The tour was started to share the culture of Tibet, which has been endangered since the invasion of the People’s Liberation Army by Communist China in 1959.

“Under the leadership of His Holiness Mr. Dalai Lama, we are trying to have a peaceful, non-violent resolution with China,” Tendhar said. 

He also explained the need “to raise some funds so we can continue to provide basic necessities for the young Buddhist students at the monastery.”

The funds help support more than 3,000 Buddhist monks housed in the Drepung monastery in Tibet, down from a peak of nearly 10,000 in the early- to mid-1900s.

Earlier in the week, as students rushed between classes Wednesday at noon, the monks prepared for an opening ceremony in the Moraine Valley library, as an introduction to a days-long process of constructing a sacred sand mandala.

What resulted was a great contrast between the two scenes. Outside the library was hustle and bustle, with no time wasted. Inside, interested students, faculty, and community members waited for the draped, golden-fleeced monks to prepare for their sacred chants and instrumental performance. It was almost as if the crowd was no longer in a suburb of Chicago, but for a second, somewhere in the Himalayas instead. 

Adorned by his mohawk-shaped yellow hat, Geshe Kunkan commenced the ceremony with a low, buzzing tone that cut through the thick and busy Midwest air. At once, the library became still.

Then, without notice, a sensuous cacophony ensued, as the Tibetan horns blasted with vivaciousness, and the damaru drum kept a roaring steady beat, giving listeners a taste of what was to come on Saturday.

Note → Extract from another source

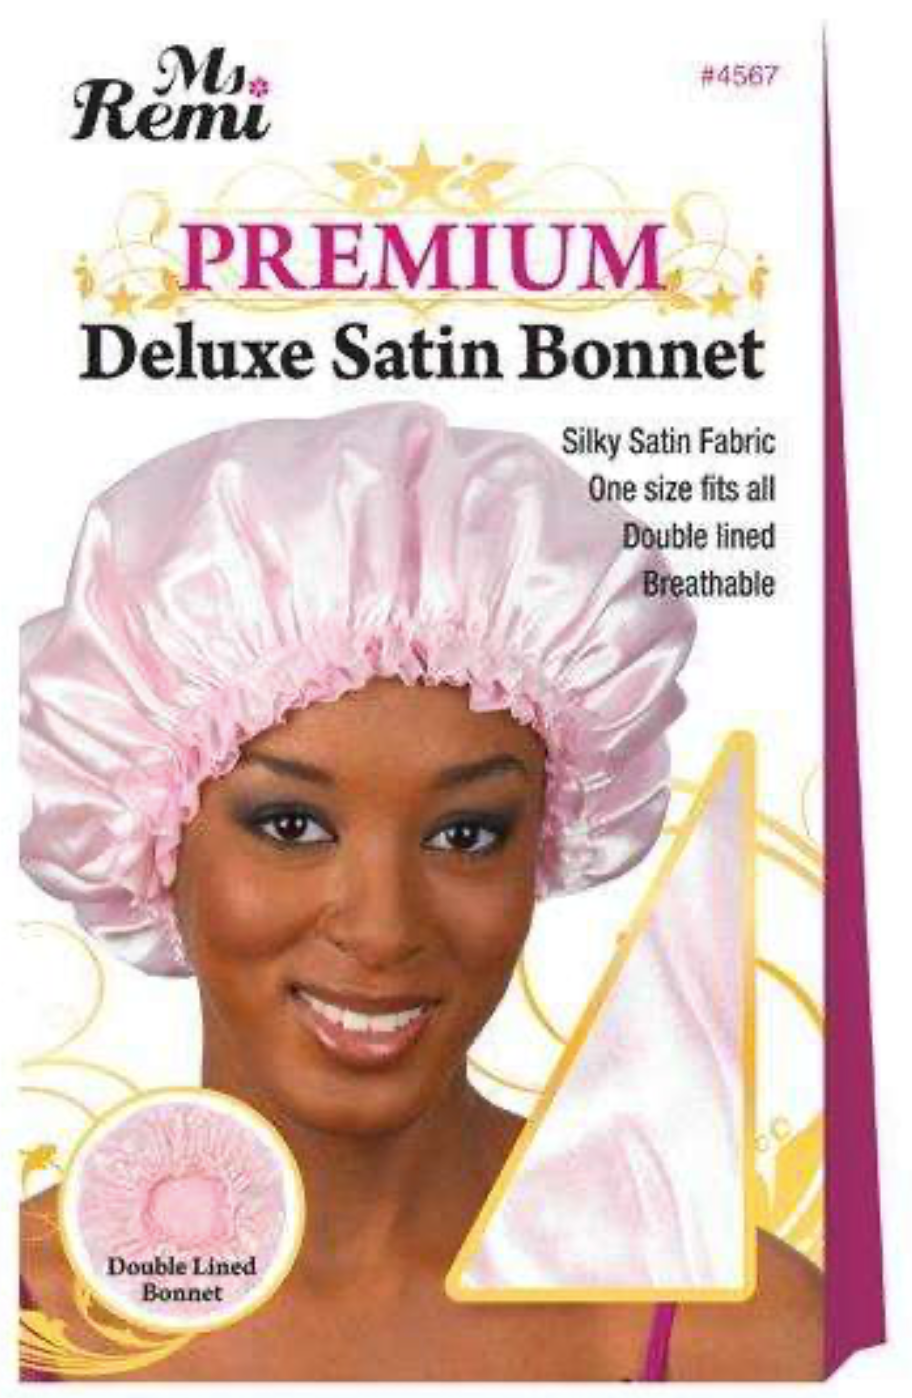 Annie Ms. Remi Deluxe Satin Bonnet Asst Color 04566

And just as quickly, the instruments faded away, leaving the audience with the low rumbling of Kunkan’s voice. The instruments came and went, but the voices of the monks persisted. Once the ceremony was over, the library was overcome with deafening silence, and the audience seemed to be in momentary nirvana.

Video by Nick Stulga
Watch as the Drepung Loseling monks of Tibet patiently fill the mandala with grains of colored sand. Just one sneeze would destroy the whole creation.

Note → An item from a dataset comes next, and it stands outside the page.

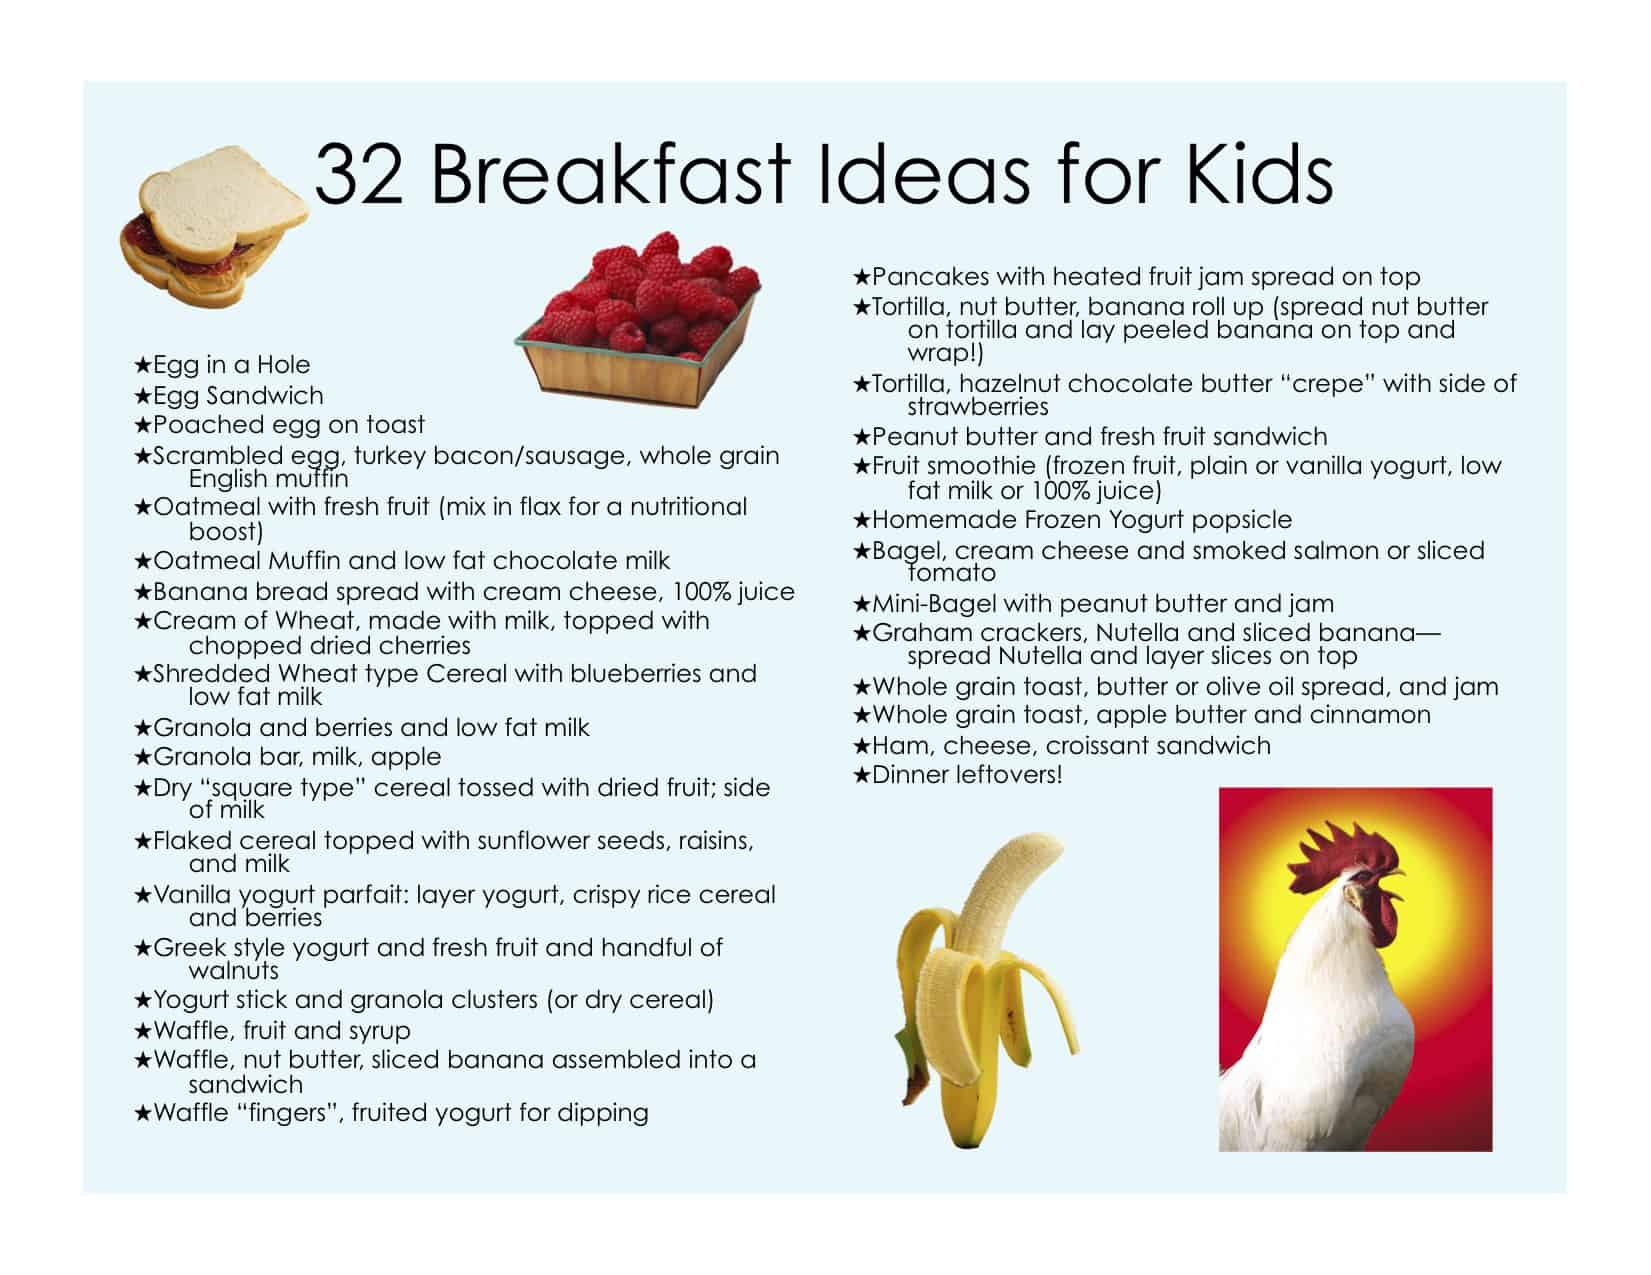 32 Healthy Breakfast Ideas for Kids - Jill Castle

After the ceremony, there was an obvious question: Why Moraine Valley? Out of all the possible venues available to the monks and their mission to spread peace and culture, why this small community of a few thousand people?

“There was a woman named Jean. She donated land to us in the countryside, near Atlanta,” Kunkan said as the other monks began to construct the sacred sand mandala. “She helped us promote our first tour here in America, in 1989. And she helped us find these venues, including Moraine. I remember that tour clearly. If I could see her now, I would give her a hug.”

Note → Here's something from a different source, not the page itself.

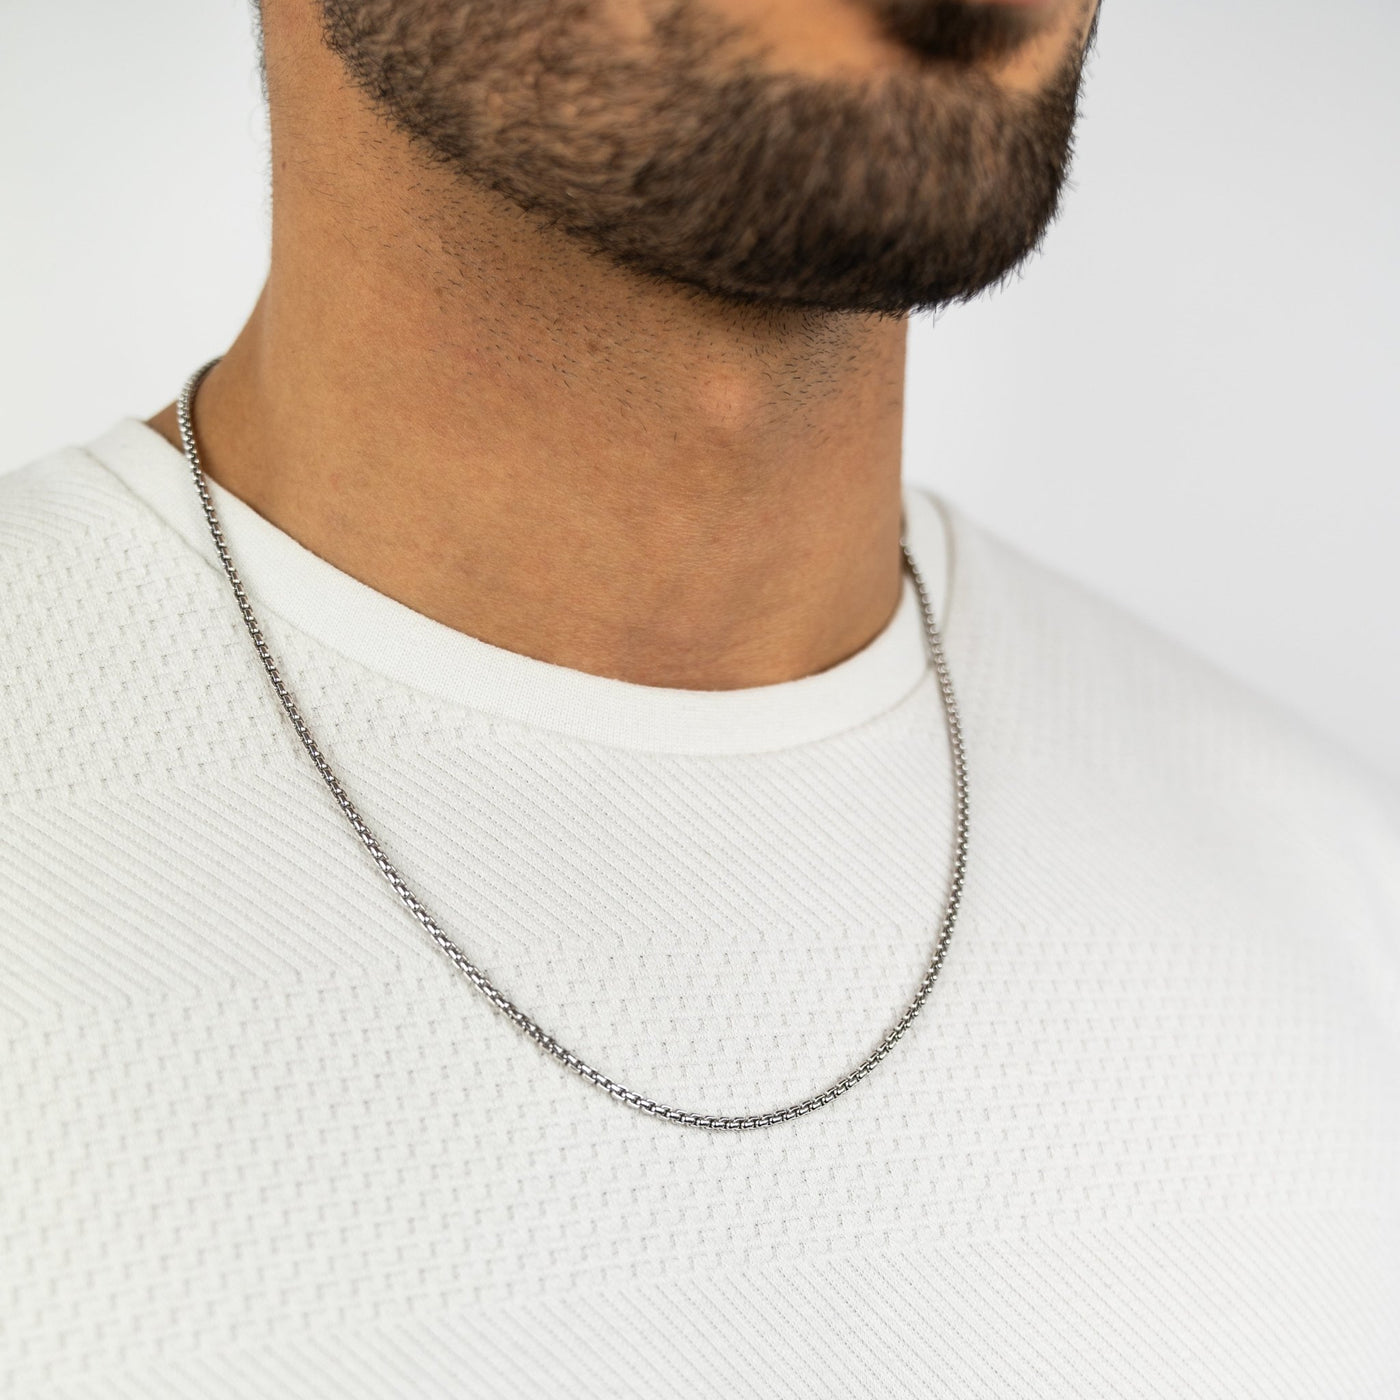 IDENTIM® Herren Halskette Venezianerkette Rund Herrenkette Silberkette  2.70mm 925 Silber Rhodiniert

Kunkan remembered the tour of ’89 as if it were yesterday: “It was only a performance. There was no mandala. We started doing the mandala in 1991. But to this day, I still dance!”

Full of earnest and pure emotion, Kunkan began to discuss the cancellation of the 2020 tour due to COVID-19, and he began to recall the devastation of Manhattan due to the pandemic, where he resides to this day.

“It was only a performance. There was no mandala. We started doing the mandala in 1991. But to this day, I still dance!”

Geshe Kunkan, referring to 1989 tour, which included Moraine Valley

“It was empty. No one was outside. Only the outdoor tents and people moving those that passed away, in bags,” he said, overcome with emotion about the loss and suffering at the time. “It was so sad… so I prayed every day. I walked all across Manhattan. Union Square. Washington Park. Times Square. I walked everywhere in Manhattan, Brooklyn, and Queens. And I prayed. Prayed for health and for all the families that lost loved ones.”

A colorful pattern of sand had been meticulously constructed during the conversation. Hues of blue, red, and yellow in a gorgeous pattern had been laid out by the other monks with infinite patience and a striking gentleness. 

And after three days of painstaking work to create the sand mandala, it was all swept away. In one fleeting moment, all that meticulous work, gone as if it had never existed in the first place.

Just as brief and delicate as life was on those New York streets for Geshe Kunkan, so was the work of the monks. To the spectators at Moraine Valley, it seemed to be complete destruction of a beautiful thing. But to the monks, it was about embracing the inevitability of death after life. And the beauty of a fleeting moment.